Now we are good to go with provisioning AWS resources. Crossplane supports a lot of AWS resources and its community is growing immensely.

IAM

Let's take a few use cases here where we’d be creating a whole IAM package in which IAM role, IAM policy, and IAM policy attachment would be created giving restricted access to route53 service.

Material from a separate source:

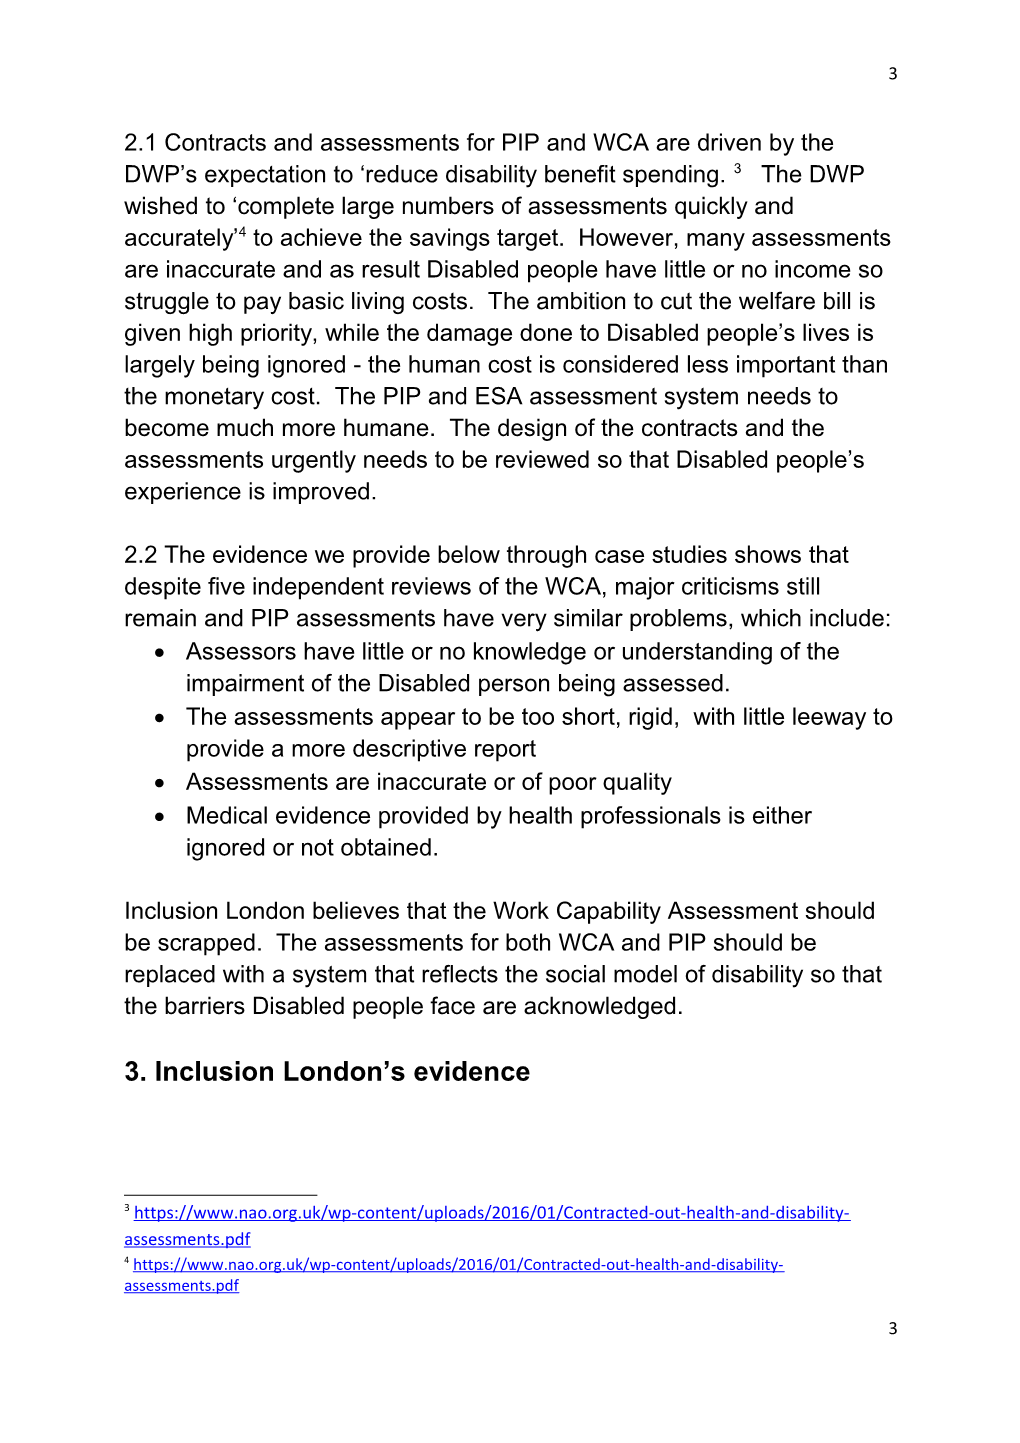 Inclusion London Evidence to the Inquiry on Contracted out Health and Disability Assessments

kubectl apply -f iam-route53.yaml
iamrole.identity.aws.crossplane.io/crossplane-read-route53 created
iampolicy.identity.aws.crossplane.io/crossplane-read-route53 created
iamrolepolicyattachment.identity.aws.crossplane.io/crossplane-read-route53 created

Confirm the created resources

kubectl get iampolicy; kubectl get iamrole; kubectl get iamrolepolicyattachment
NAME ARN READY SYNCED AGE
crossplane-read-route53 arn:aws:iam::xxxxxxxxxxx:policy/crossplane-read-route53 True True 30m

NAME READY SYNCED AGE
crossplane-read-route53 True True 22m

NAME READY SYNCED ROLENAME POLICYARN AGE
crossplane-read-route53 True True crossplane-read-route53 arn:aws:iam::xxxxxxxxxx:policy/crossplane-read-route53 9m35s

S3

kubectl apply -f s3.yaml

Conclusion

So as proven Crossplane directly integrates very well with Kubernetes. The future of Crossplane is very ambitious as it keeps its infrastructure only in Kubernetes scope, exploits the Kubernetes control plane, and is cloud-agnostic.